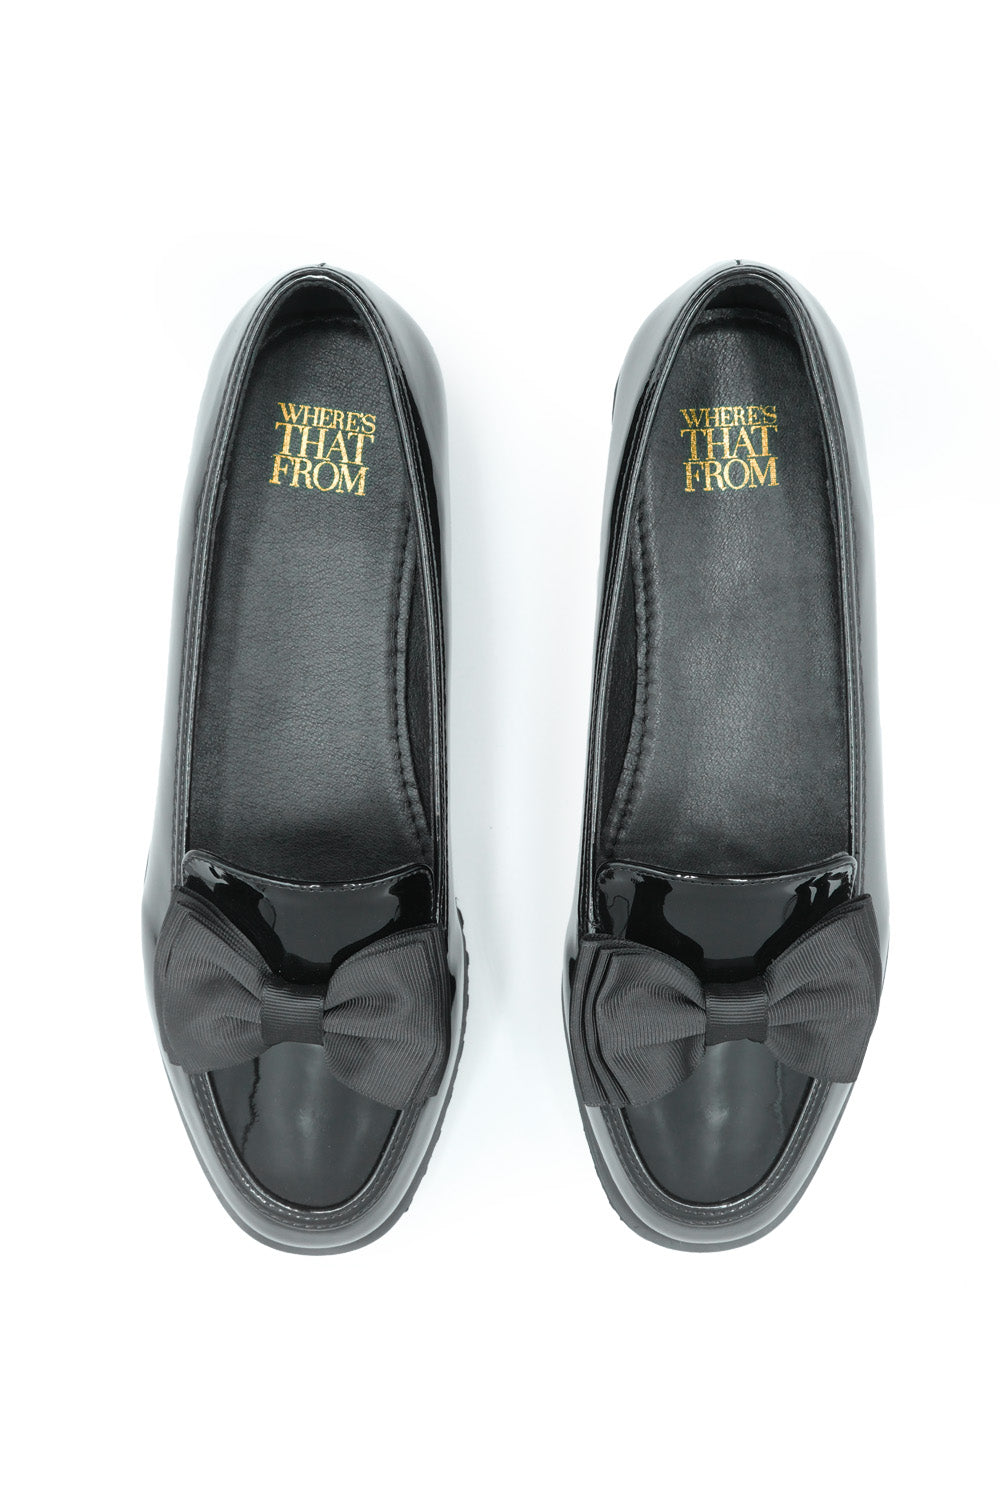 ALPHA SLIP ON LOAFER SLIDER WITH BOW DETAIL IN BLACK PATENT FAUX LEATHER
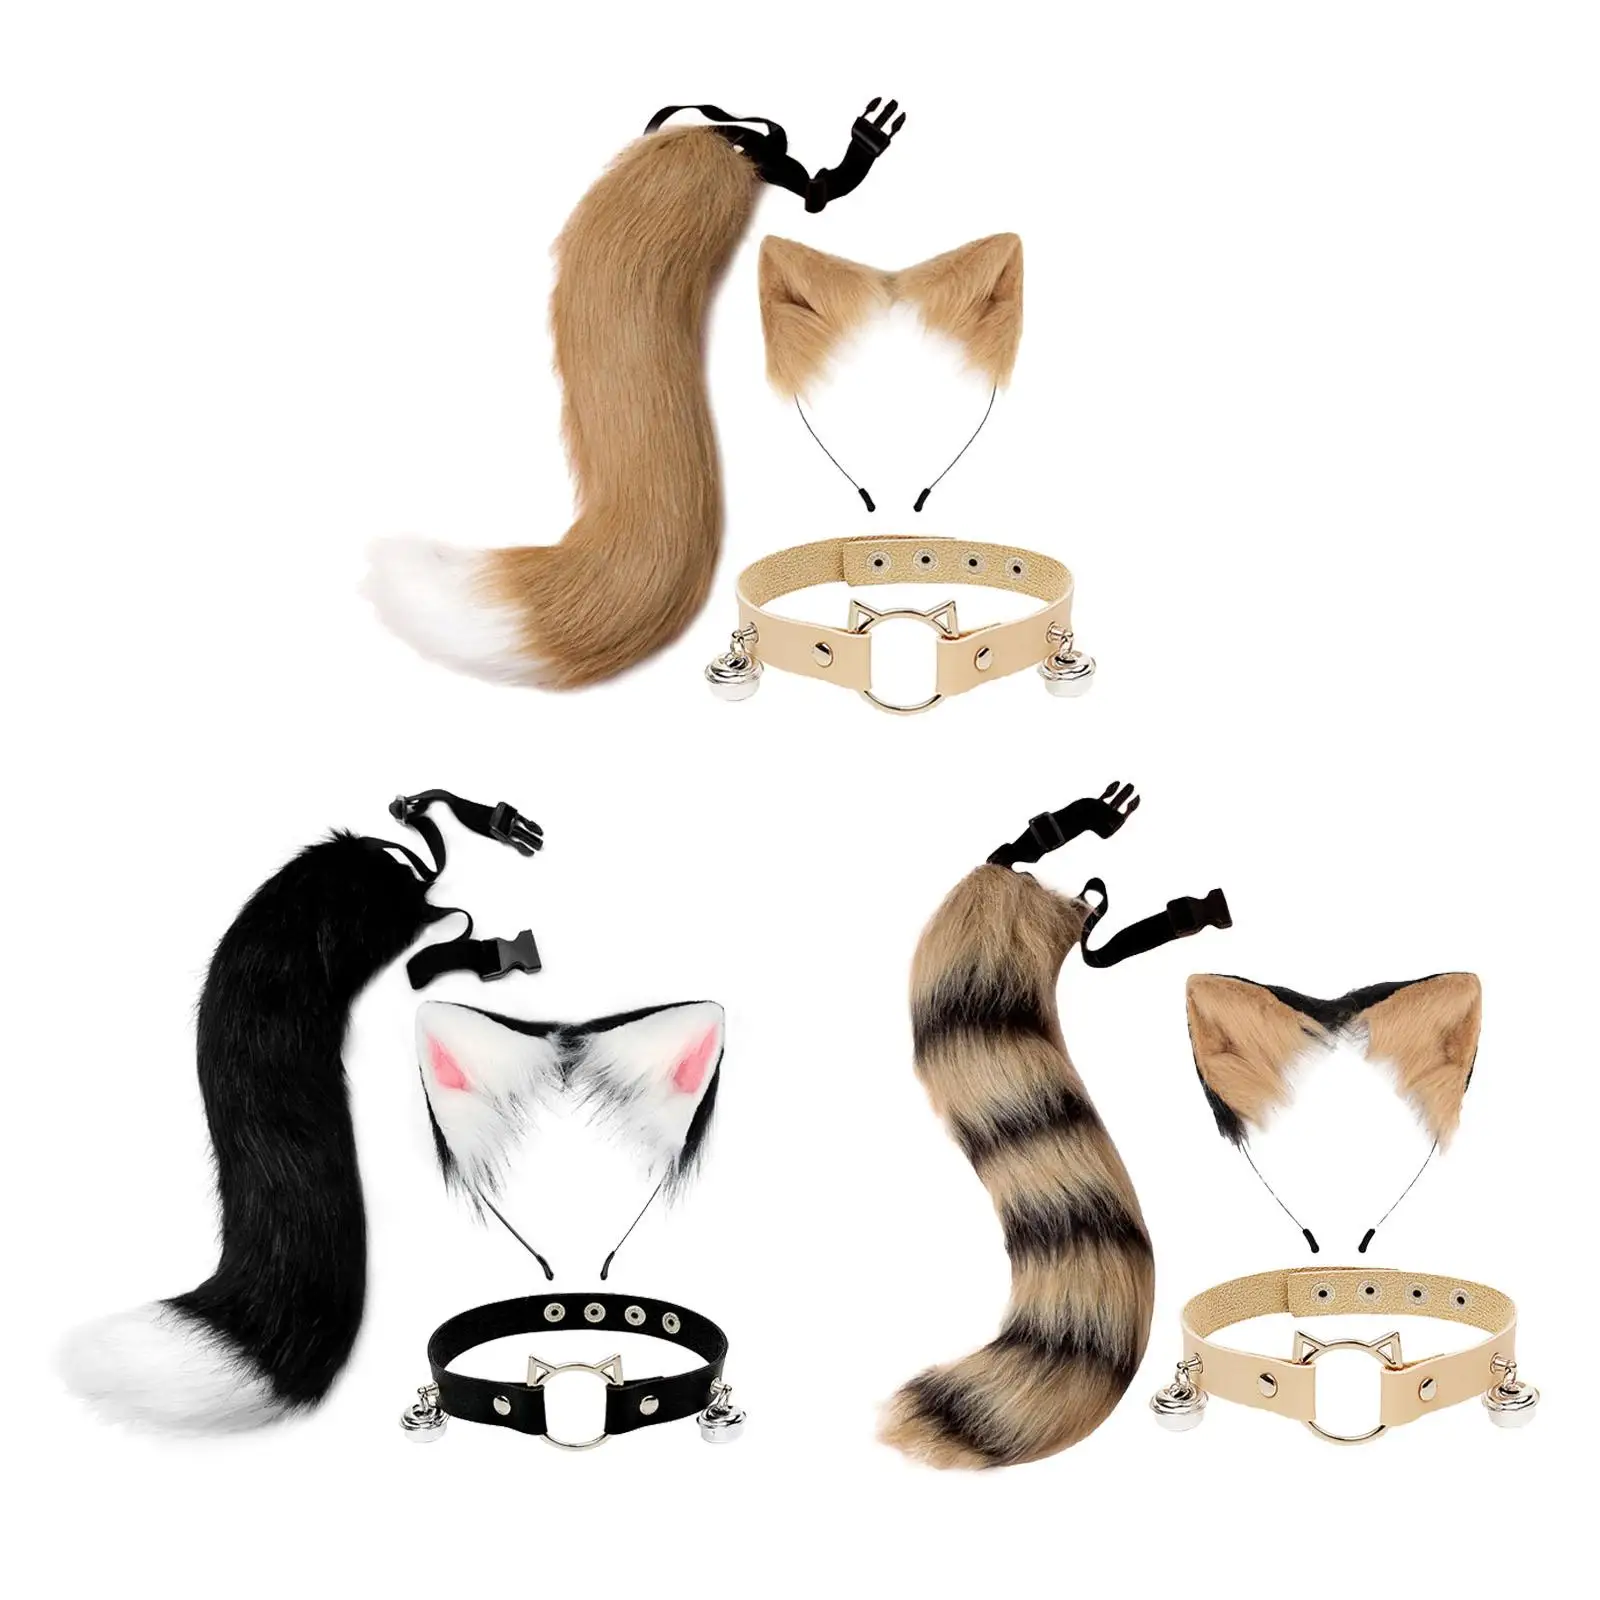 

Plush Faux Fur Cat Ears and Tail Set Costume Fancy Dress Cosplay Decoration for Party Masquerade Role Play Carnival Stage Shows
::::::
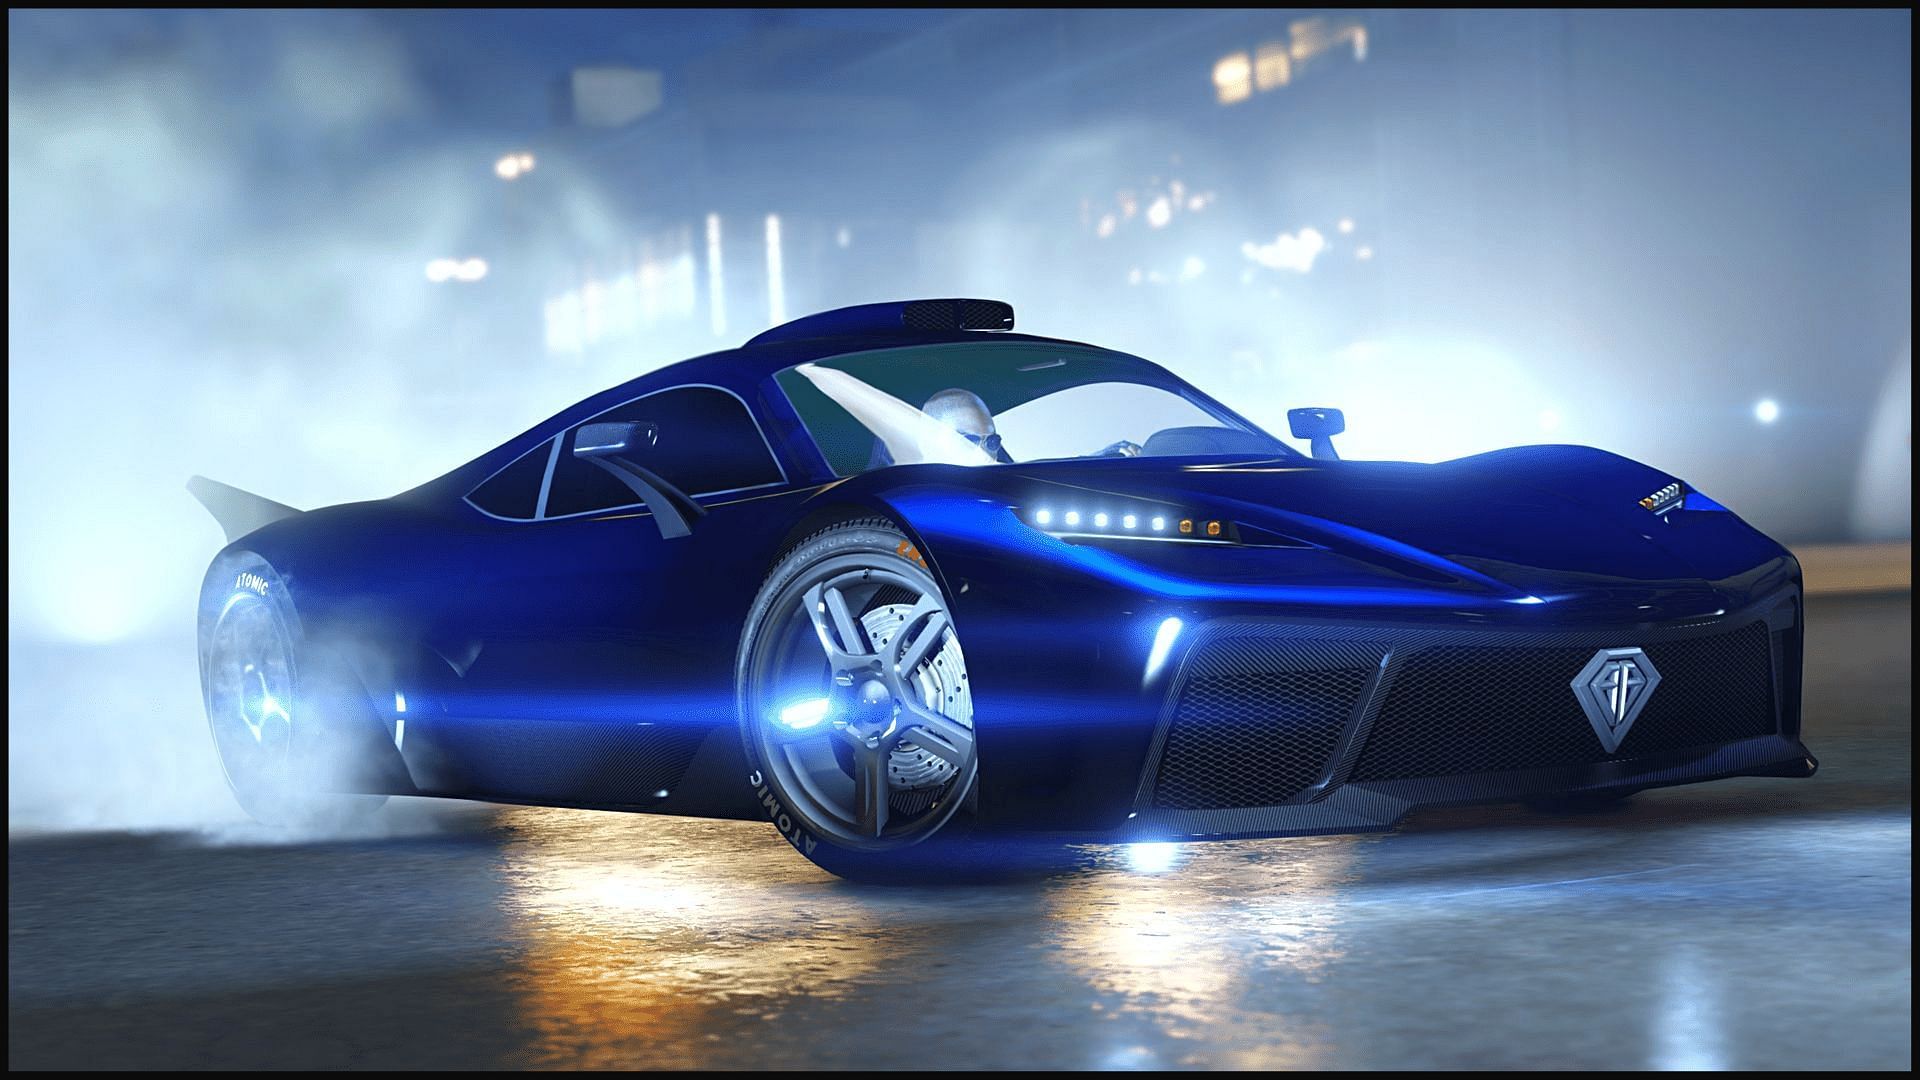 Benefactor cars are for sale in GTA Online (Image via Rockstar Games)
::::::
## EXERCISE DIRECTIONS
The lines above from the line with "ALPHA SLIP ON" through the line with "Plush Faux Fur" are to be given again word for word, with no pictures among them.

## EXERCISE OUTPUT
 ALPHA SLIP ON LOAFER SLIDER WITH BOW DETAIL IN BLACK PATENT FAUX LEATHER

Plush Faux Fur Cat Ears and Tail Set Costume Fancy Dress Cosplay Decoration for Party Masquerade Role Play Carnival Stage Shows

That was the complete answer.